Со-творческое (по отношению к автору) со-переживание (по отношению к герою), осуществляемое эстетически развитым читателем, - это тоже метапереживание некоторых первичных переживаний. В нем читателю и открывается -вслед за автором - смысл художественного высказывания как целого.
Мастерство чтения - в значении культуры художественного восприятия - является проницательным пониманием, ориентированным на смысл, а не овладеванием некоторой информацией (суммой значений текста).
Ускоренное чтение, которому в наше время многие стараются научиться, стремится не собственно к смыслу, а к некоторому результату (возможно, и к смысловому) своих усилий. Поэтому оно протекает под знаком конца текста. Устремленность к значимому результату его и «ускоряет».
Смысловое же чтение акцентирует границы понимаемого высказывания как самобытного фрагмента действительности и, прежде всего, призвано сосредоточиться на начале, на «входе» в текст (первом слове, первой фразе, первом абзаце) [6] и на последующих трансформациях начального импульса. Это чтение с оглядкой, рекурсивное восприятие. Ведь смысл обнаруживает себя как связь между началом и концом речи, проложенная через сцепления всех ее фрагментов.
Рассуждающие о семантике речевой и вообще знаковой деятельности нередко отождествляют «смысл» и «значение» или сводят смысл к субъективной значимости. Между тем состав означаемого гораздо сложнее, это семантическое триединство:
1) знак имеет денотативное значение (объективная сторона семантики);
2) значение имеет ценностную значимость для пользователя (субъективная сторона семантики);
3) в контексте общения знак активирует интерсубъективный смысл (концепт), которого нет ни за пределами сознания, ни в субъективной глубине обособленной психики.
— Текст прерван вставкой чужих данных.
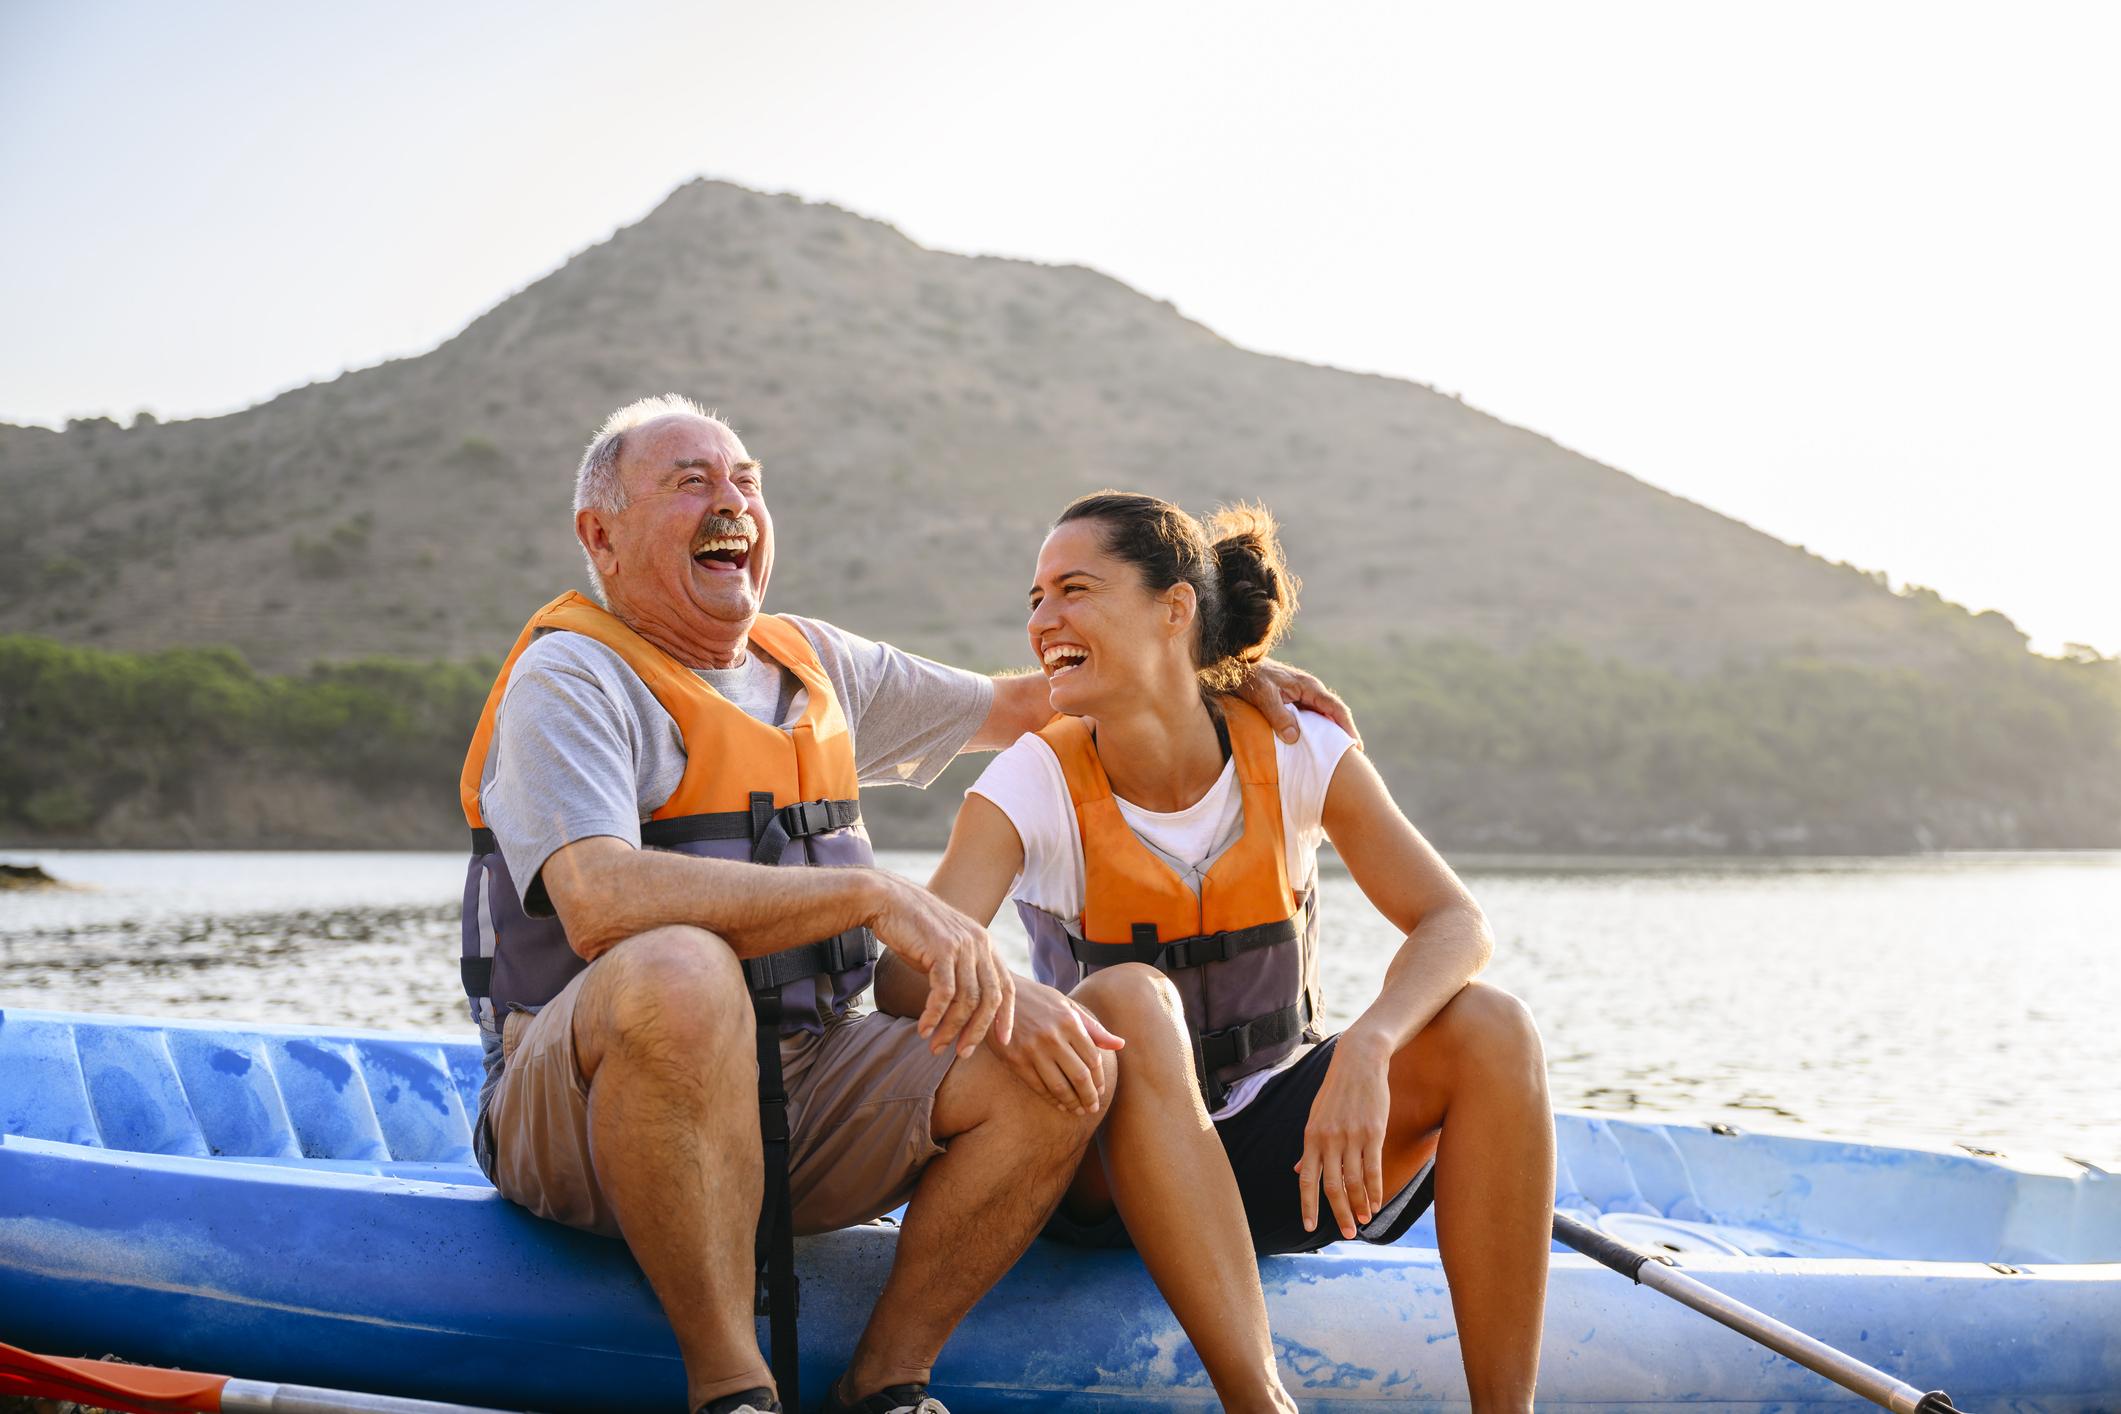 Spanish Male And Female Enjoying Early Morning Kayaking

Вслушаемся в рассуждение Бахтина: «Где находится государство? В психике, в физико-математическом пространстве, на бумаге конституционных актов? Где находится право? И тем не менее мы ответственно имеем дело и с государством, и с правом, более того - эти ценности осмысливают и упорядочивают как эмпирический материал, так и нашу психику, позволяя нам преодолеть ее голую психическую субъективность» (прим.: курсив автора статьи) [2, с. 53]. Право, которое имеет место только между людьми, может служить едва ли не наиболее очевидным примером онтологического феномена ценностно-смысловой интерсубъективной реальности.
Произведение искусства обладает действительным смыслом в такой же мере, в какой оно обладает действительным текстом. Это две неслиянные и нераздельные ипостаси произведения как художественной реальности, которая в своей онтологической специфике отнюдь не сводится к давнишней структуралистской формуле: текст + внетекстовые связи. Интерсубъективный смысл художественного высказывания не тождествен ни его объективному значению, ни его субъективной значимости. Словарное «значение изъято из диалога», но в нем обнаруживается «потенция смысла» [3, с. 350]. Эту потенцию необходимо реализовать в акте неизбежно субъективного восприятия, что делает смысл отнюдь не очевидным. Здесь восприятие «не есть понимание слов путем суммирования шаг за шагом словесных значений, оно есть следование за целостным смыслом говоримого, который всегда располагается за пределами сказанного» [7, с. 262].
Произведение искусства как ценностно упорядоченный воображенный мир представляет собой ментальный аналог мира природно-исторического. Вопреки скепсису Ролана Барта и иных адептов постмодернизма «у мира есть смысл» [3, с. 361]. Однако этот высший смысл действительного (незавершенного) мира для человека, живущего в нем, всегда остается непостижимой тайной, тогда как художественный смысл произведения, будучи концептом мира, творчески завершенного автором, доступен читательскому восприятию. Но его постижение требует читательской активности ответственного достраивания смыслового
целого, которое не сводится к идее, якобы «вложенной» писателем в произведение.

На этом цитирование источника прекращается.